害怕干农活,一根筋要远离农村的女人。结果,被老表卖了500块钱。

这篇文章写于2025年3月2日,重发。

付秀文是封成娣的二女儿,在我之前的文中提到得比较少,也基于我跟她接触得不多,用手指头都数得过来。

打从我记事起,只是听封成娣以及这家人提及起过她,从没见过她,但她肯定是见过我的。

第一次见她,是在一张寄回来的照片上,她穿着一件军绿色的衣服,腿上是一条黑色的健美裤,一双蹬脚皮鞋,一脸的迷茫,空洞的眼神。她身后是一个砖窑,两边码着一排排的砖,不知道是不是她干活的地方。都说她脸上有疤子,怎么看也没有看到,估计是她那一头特地烫过的卷发盖住了。

又再次介绍她一下。

付秀文大概生于1972年,两岁多的时候,掉进燃着大火的火坑里,烧伤了左脸。封成娣把两岁多的她放在火坑边上坐着,就去喂猪去了,回来的时候,看到火坑边上坐着的二女儿头发都没有了,还有一股烧焦的味道。一问,两岁多的二女儿话都说不全,打着哭腔说自己掉进火坑里去了,又自己从滚烫的火坑里爬了出来。

她样貌本来就赶不上大姐秀六,被烧伤过后,就更加赶不上大姐了,渐渐地,也得不到封成娣的喜欢。

她心里很是不平衡,就经常跟封成娣吵架,对着干。她对自己的妈妈说:“我要是嫁出去了,休想吃到我背来的猪大腿,虱子腿腿都不会背来给你吃。”猪大腿在当地是出嫁的女儿回娘家拜年必须要拿来孝敬父母的,还要用猪的前腿,是最贵重的礼品。

她能对自己的妈妈说出这样的话,说明封成娣的偏心到了让这个脸上有疤子的二女儿已经到忍无可忍的地步了。

果真,封成娣从来没有吃到过二女儿背来的猪大腿。

只上到小学毕业的付秀文就在家里干农活了,她学习成绩也不好,考不上中学。那个年代,不像现在,九年制义务教育。成绩差,考不上初中,就只能回家务农,到了该嫁人的年龄,就要找婆家嫁人了。

大姐秀六嫁到了下屯,在下屯的寨子上给妹妹秀文找了一个婆家,男子是个适合踏踏实实过日子的人。

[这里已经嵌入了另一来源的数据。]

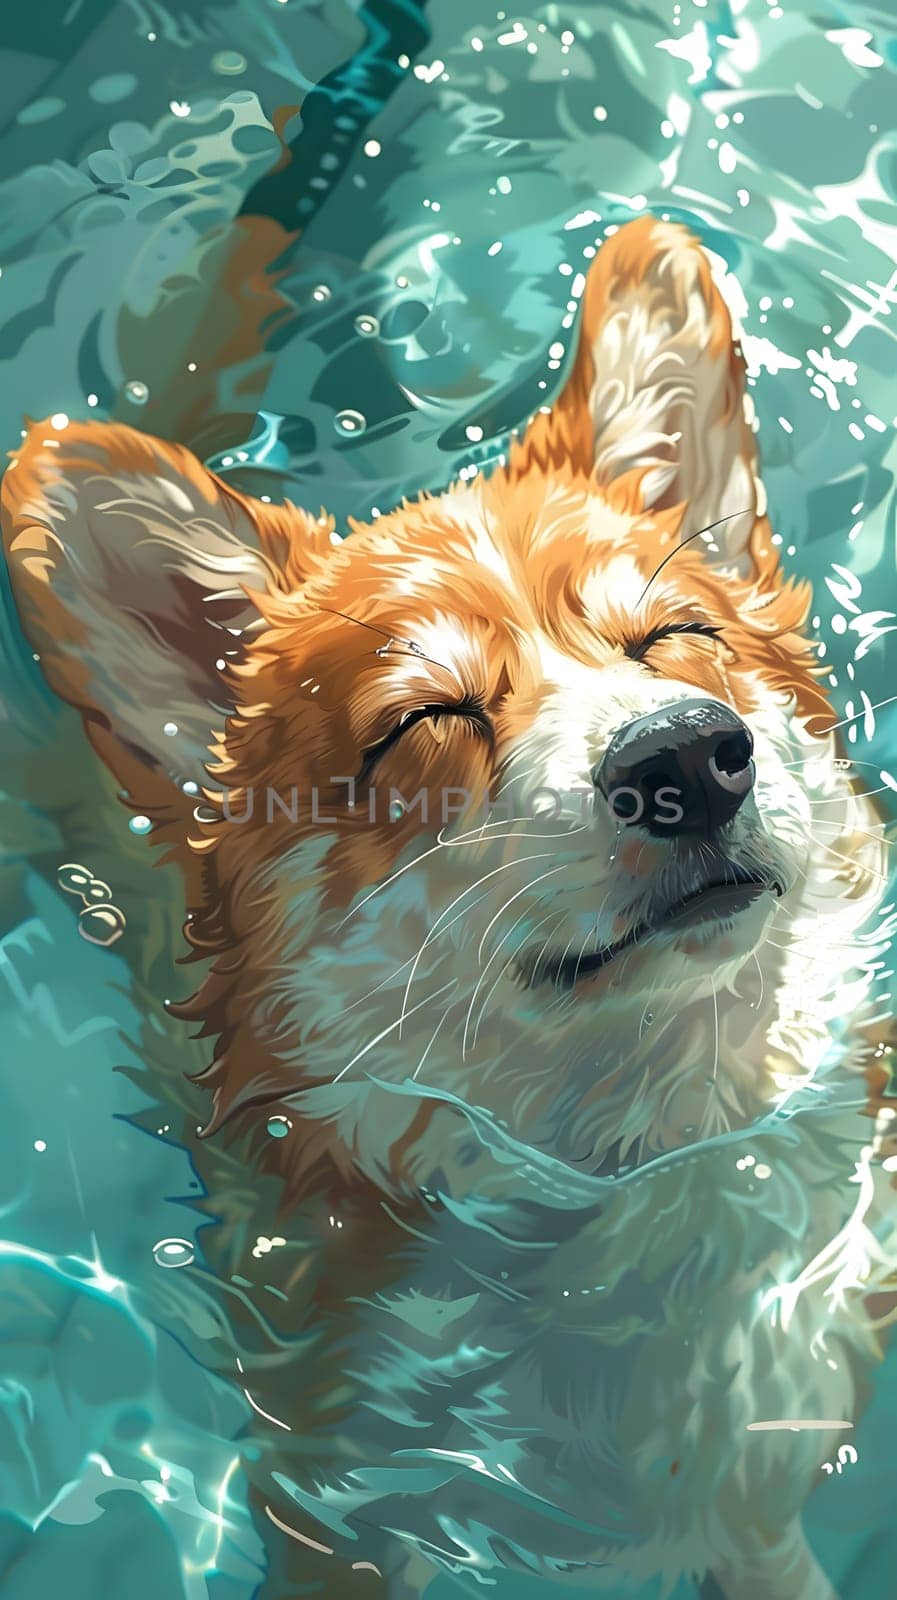 A carnivorous organism of the dog breed, the corgi, is swimming in a pool with its eyes closed. This fawn companion dog has a short snout with whiskers, enjoying the natural landscape

秀文死活不愿意,不愿意嫁在当地干农活,一根筋的要出远门。只上过小学的她,学习成绩本身就不好,脑子也不是很精明,对外面的世界又一无所知。她甚至还有点愚笨,也没有一丁点的自知之明。

当地好一点的家庭,家中的儿子有工作的,根本不会看上她。

付秀文得知姨妈家的大儿子要出门打工,她想跟着老表一起去,又是亲戚,路上也有个照应。她就背着一个牛仔包包出门了。哪知道,刚出门,就被老表以500块钱的价钱,卖给了安徽偏远的一个农村男人。

不想嫁当地,是害怕干农活。被卖到安徽农村,怎么又逃得掉不干农活的命运。

到了安徽后,男人不可能让她自由活动,先是把她关在屋子里,拳打脚踢是在所难免的,直到她生下第一个孩子,她也无心跑了。接着生下第二个孩子,是一个男孩。男孩好像在一岁多的时候,又掉进池塘里淹死了,丈夫就经常打她来出气,婆婆折磨她,她实在受不了了,跑到江苏张家港来打工了。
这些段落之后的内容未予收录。